GPU Megat[H]read - the cores of wrath grew heavy on the die that day

The Something Awful Forums > Discussion > Serious Hardware/Software Crap > GPU Megat[H]read - the cores of wrath grew heavy on the die that day

«‹›3859 »

BeanBandit: Mar 15, 2001; Beanbandit?
Son of a bitch!

For those having problems with Tomb Raider on Nvidia cards, the latest beta drivers dramatically increased performance for me:

code:

	314.07	314.21 (beta)

Tomb Raider - Ultra settings
min	18.20	44.05
max	33.95	61.30
avg	31.20	52.70

Tomb Raider - Ultimate settings
min	 8.35	24.85
max	26.20	42.80
avg	22.05	33.85

# ? Mar 16, 2013 11:12

Adbot: ADBOT LOVES YOU

# ? May 15, 2024 14:09

Animal: Apr 8, 2003

BeanBandit posted:

For those having problems with Tomb Raider on Nvidia cards, the latest beta drivers dramatically increased performance for me:
code:
	314.07	314.21 (beta)

Tomb Raider - Ultra settings
min	18.20	44.05
max	33.95	61.30
avg	31.20	52.70

Tomb Raider - Ultimate settings
min	 8.35	24.85
max	26.20	42.80
avg	22.05	33.85

What is your GPU? That is an impressive gain.

# ? Mar 16, 2013 14:33

BeanBandit: Mar 15, 2001; Beanbandit?
Son of a bitch!

Animal posted:

What is your GPU? That is an impressive gain.
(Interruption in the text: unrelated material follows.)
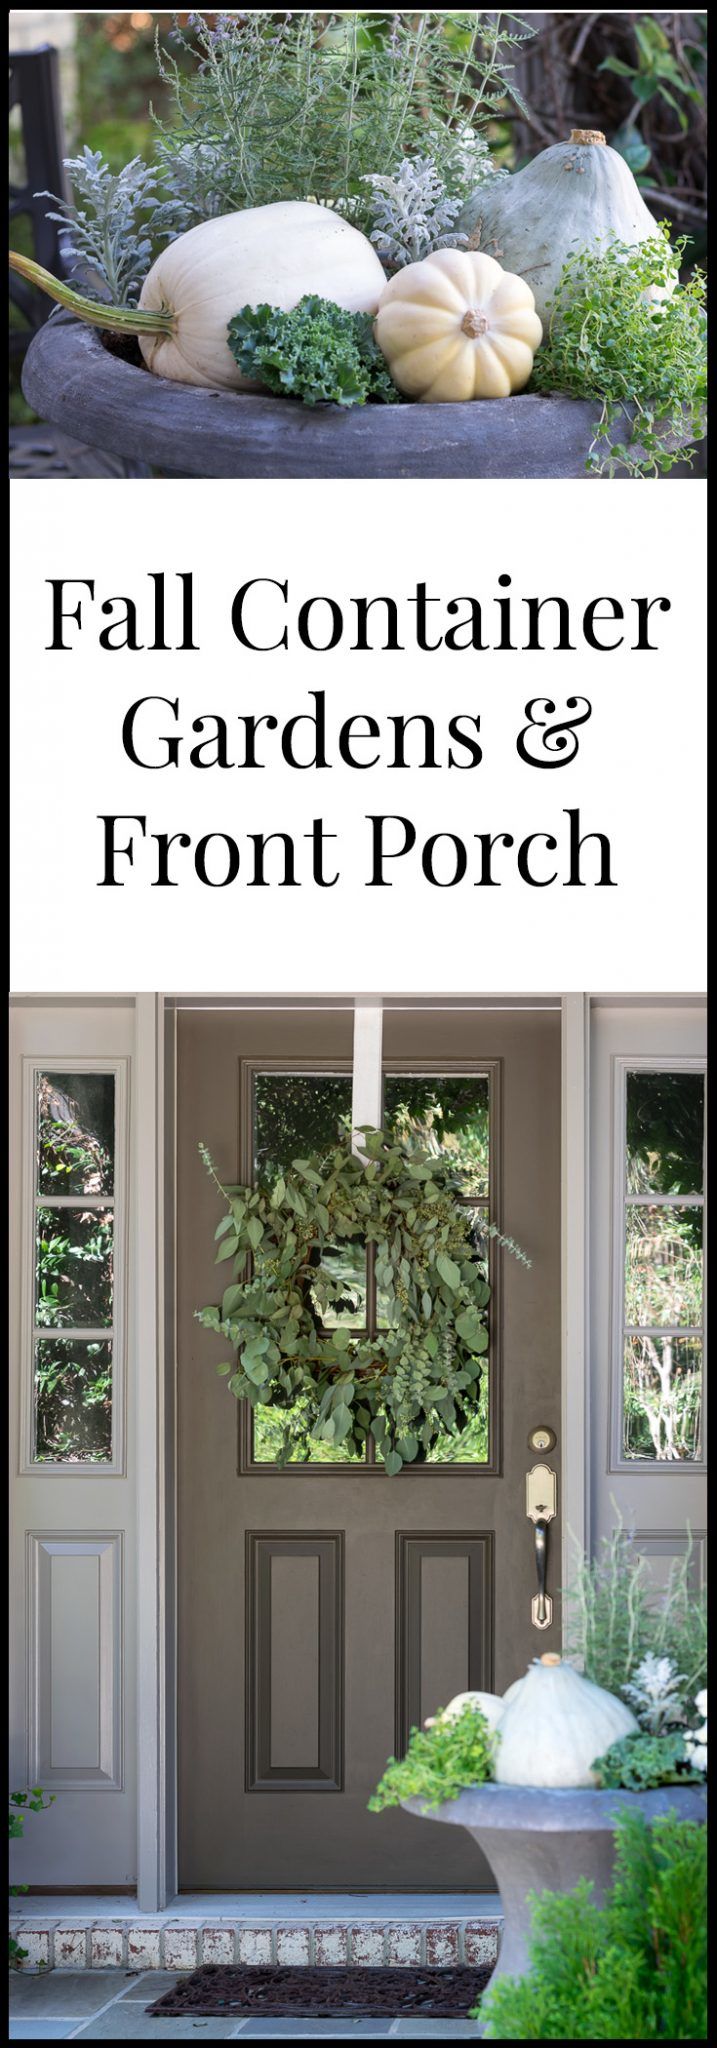 Natural and Neutral Fall Container Garden and Front Porch Ideas using primarily Grocery Store Produce, Vegetables and Herbs with a few nursery items to fill in. The gray/green/white hues echo a softer side of Autumn.

680 GTX. Sorry, forgot to mention that. I'm going to return it soon and go back to my 580. Hopefully the improvement I'm seeing with these drivers carries over to that card.
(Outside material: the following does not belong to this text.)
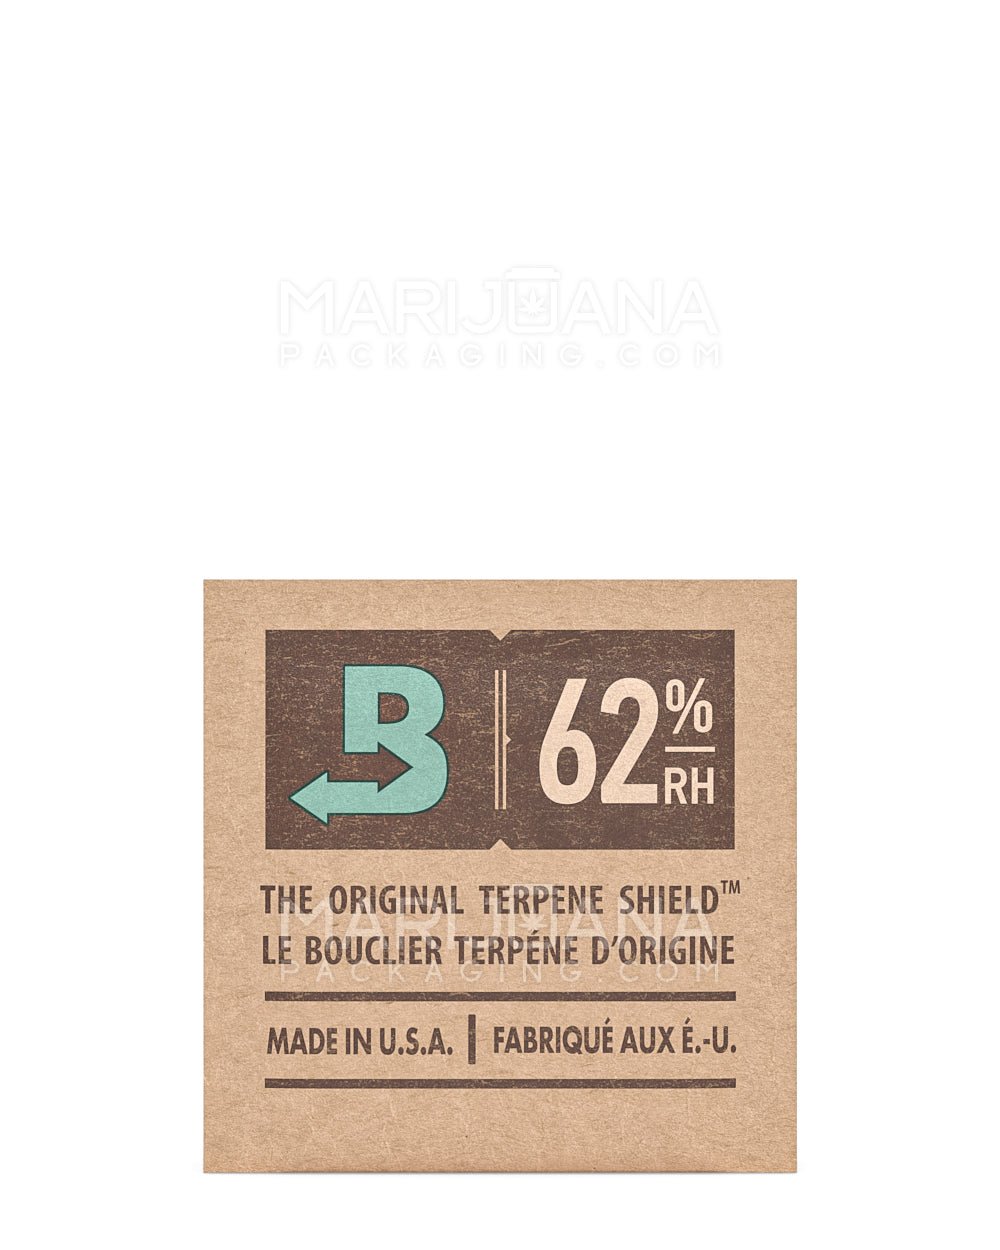 BOVEDA | Humidity Control Packs | 1 Grams - 62% - 1500 Count - 2

BeanBandit fucked around with this message at 14:41 on Mar 16, 2013

# ? Mar 16, 2013 14:37

hayden.: Sep 11, 2007; here's a goat on a pig or something

Can you run two video cards in SLI/Crossfire with one in a 2.0 and one in a 3.0 PCI-E? I'm not sure there even exists a motherboard that's labeled SLI/CF compatible in this configuration.

# ? Mar 16, 2013 23:57

Dogen: May 5, 2002; Bury my body down by the highwayside, so that my old evil spirit can get a Greyhound bus and ride

BeanBandit posted:

680 GTX. Sorry, forgot to mention that. I'm going to return it soon and go back to my 580. Hopefully the improvement I'm seeing with these drivers carries over to that card.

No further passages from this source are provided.